NY: Yeah. And so actually, in a sense, having people that need you, that actually is important, I feel. It might be the company, you know, they say: "oh, man, without you, we cannot make this game, we really need you to be there for us." And in the same way that actually applies to the fans as well. If there are fans there, and they say "we really want you to be working on this title," that is really assuring and really comforting. In a way that serves as a motivation for me to aim for higher places, you know, to really aim for better things, [provide] better experiences. So, in that sense, yes, having someone there that actually wants your support and wants you to be working on this, that actually helps me to get my motivation and to to deliver something really special and to continue working on this franchise. In that sense, that is important, yeah.

But really in the case of an MMO – it doesn't really have to be an MMO, for any title that you're actually having on as a live service over a long time span -- it's not really a peachy experience to support that title for such a long time. You know, you need engineers working on it, and you need to be constantly providing new updates for it. So in that sense, it is a tough experience to be constantly working on it.

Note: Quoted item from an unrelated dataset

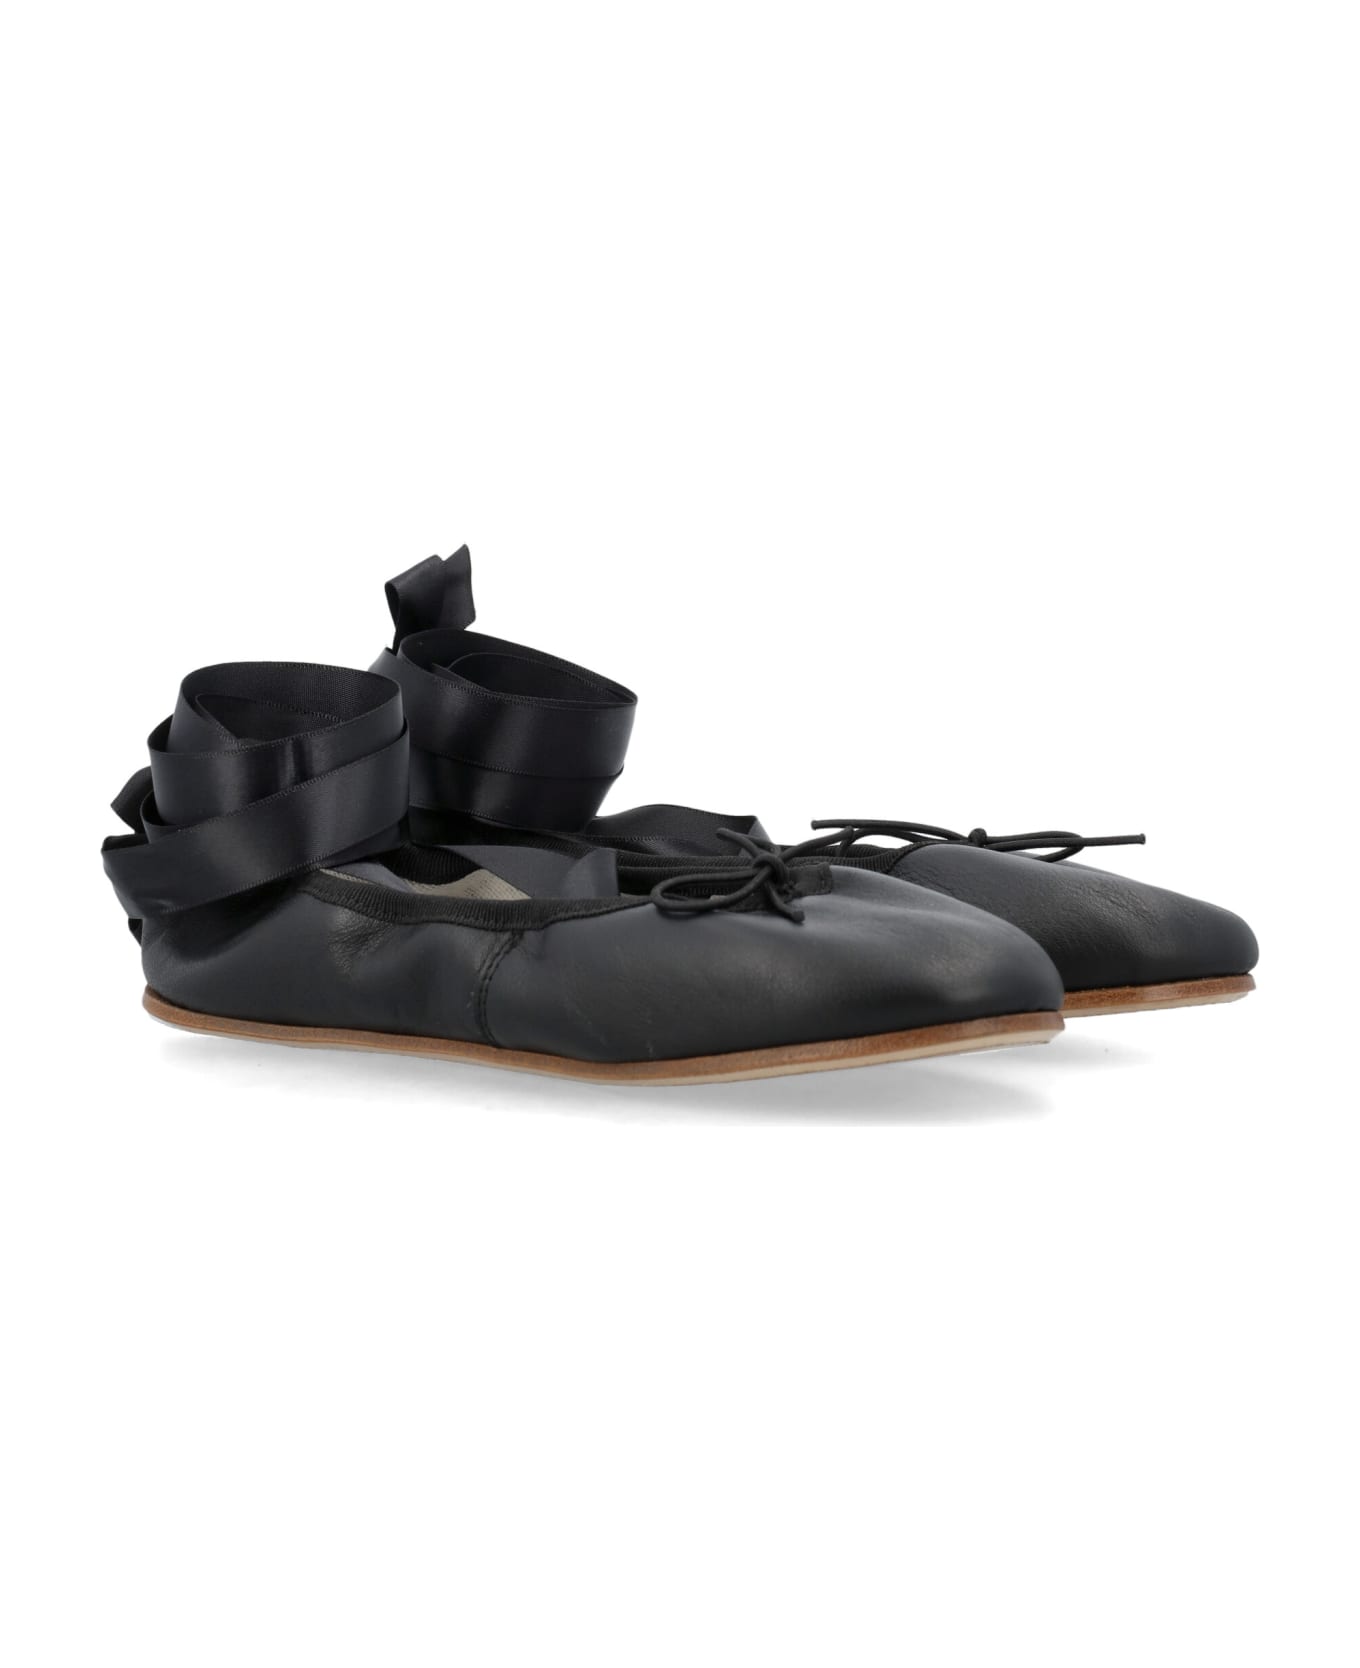 Repetto Sophia Ballerina Shoes - Black フラットシューズ
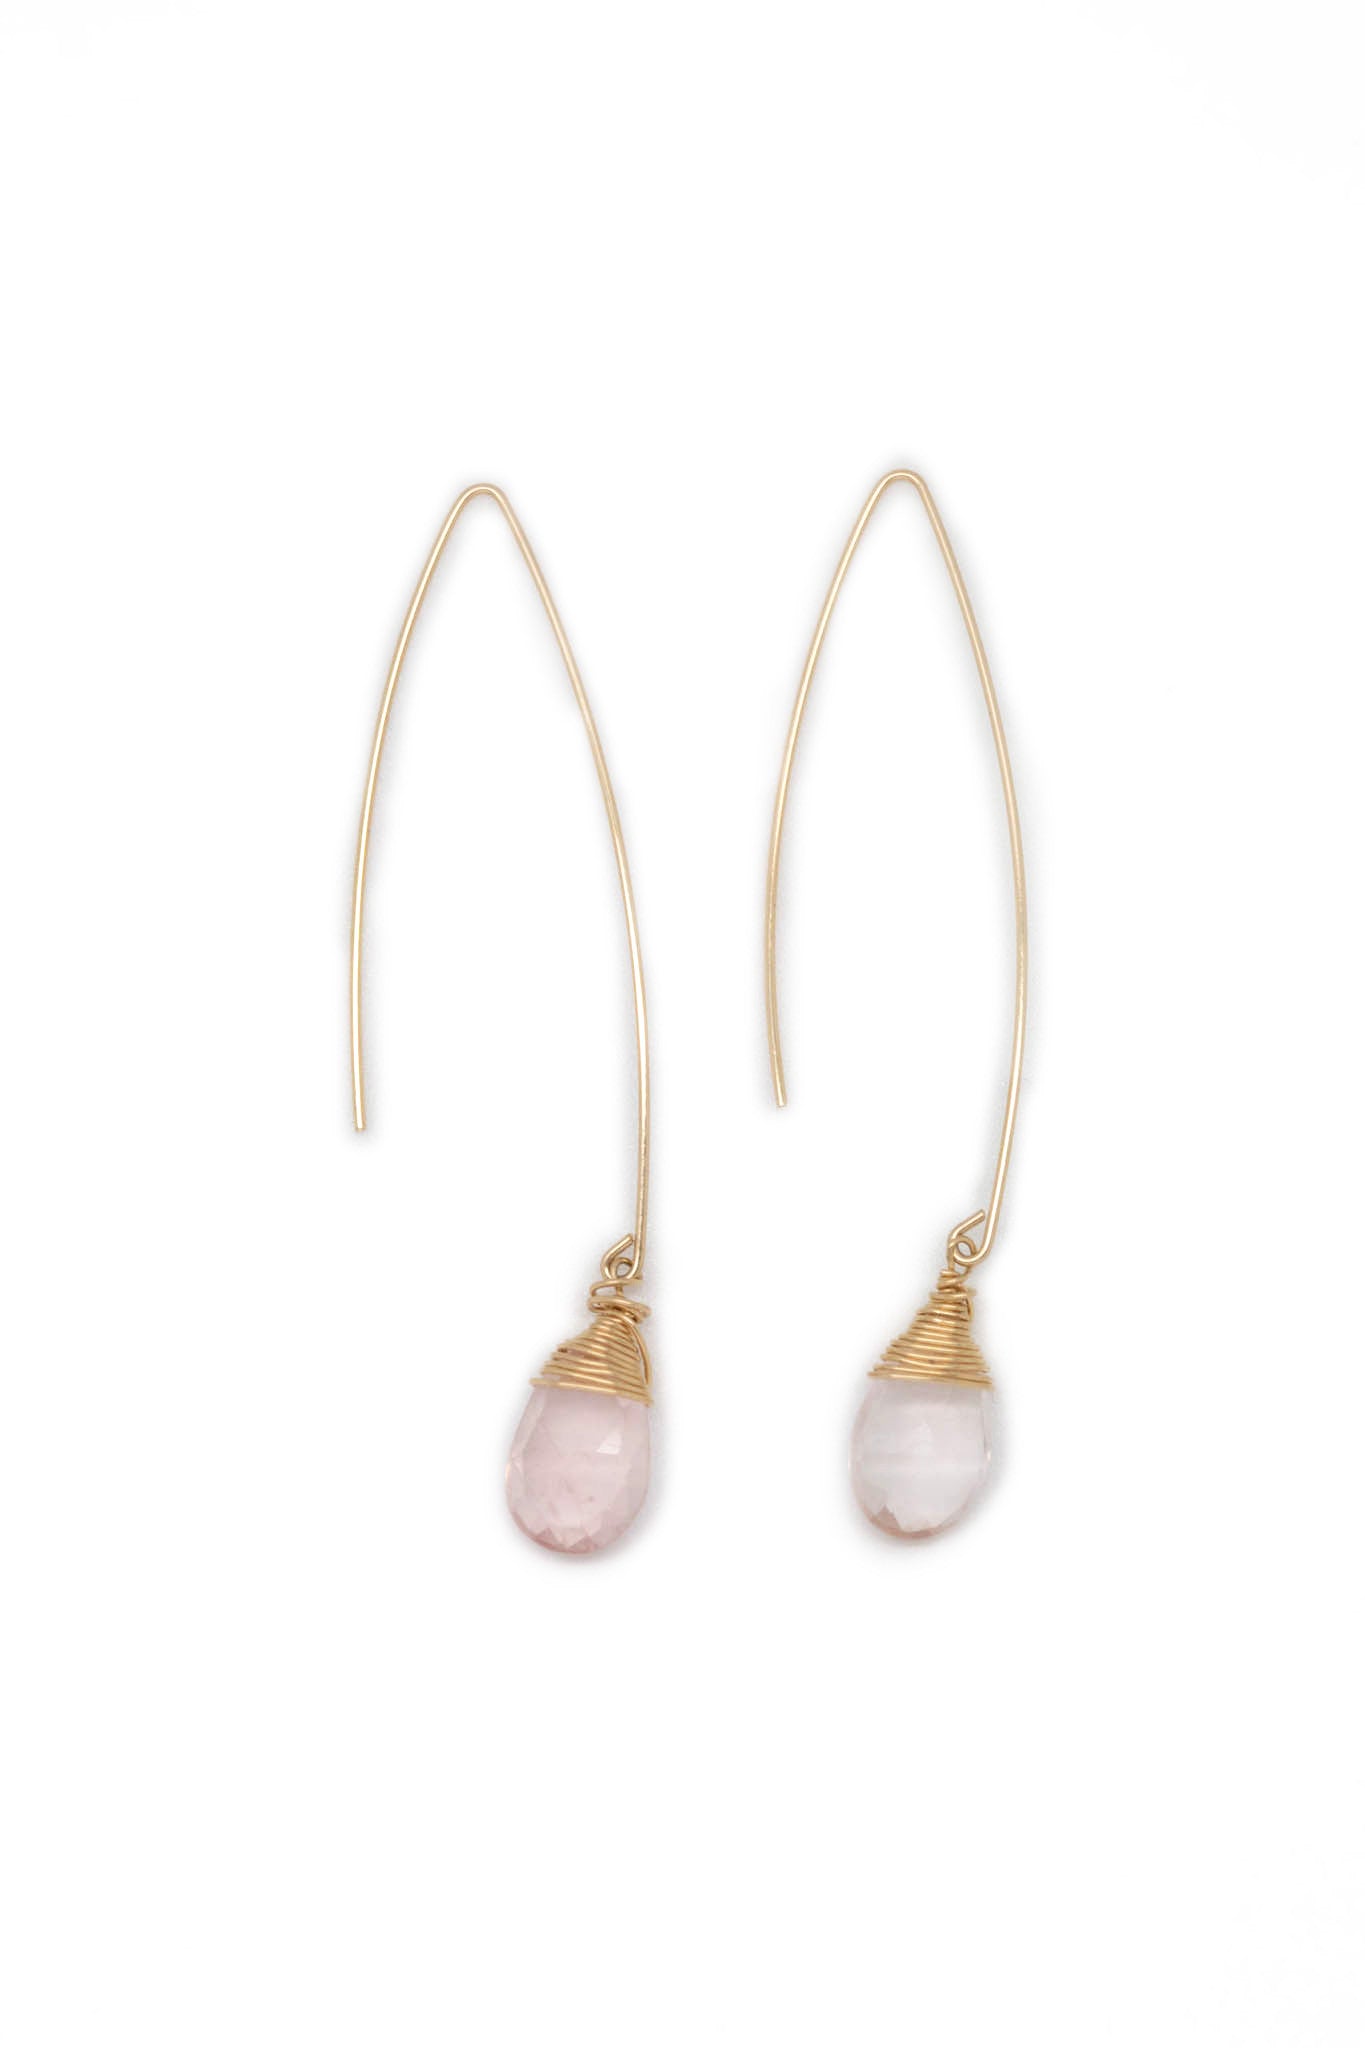 Jill Long Wire Drop Earrings in Rose Quartz

But, since the fans are there, and you know, I've been able to cultivate this relationship with the fans, and we do have a sense of trust with our fans over these 10 years, that really does play a big part. That really is motivating for us to continue working on this title. Of course, it would be a different story if they don't want to continue on this ride together. But as long as the fans really continue to express their support that's really assuring, and we can leverage our trust with the fans and continue providing an amazing experience by working on this title.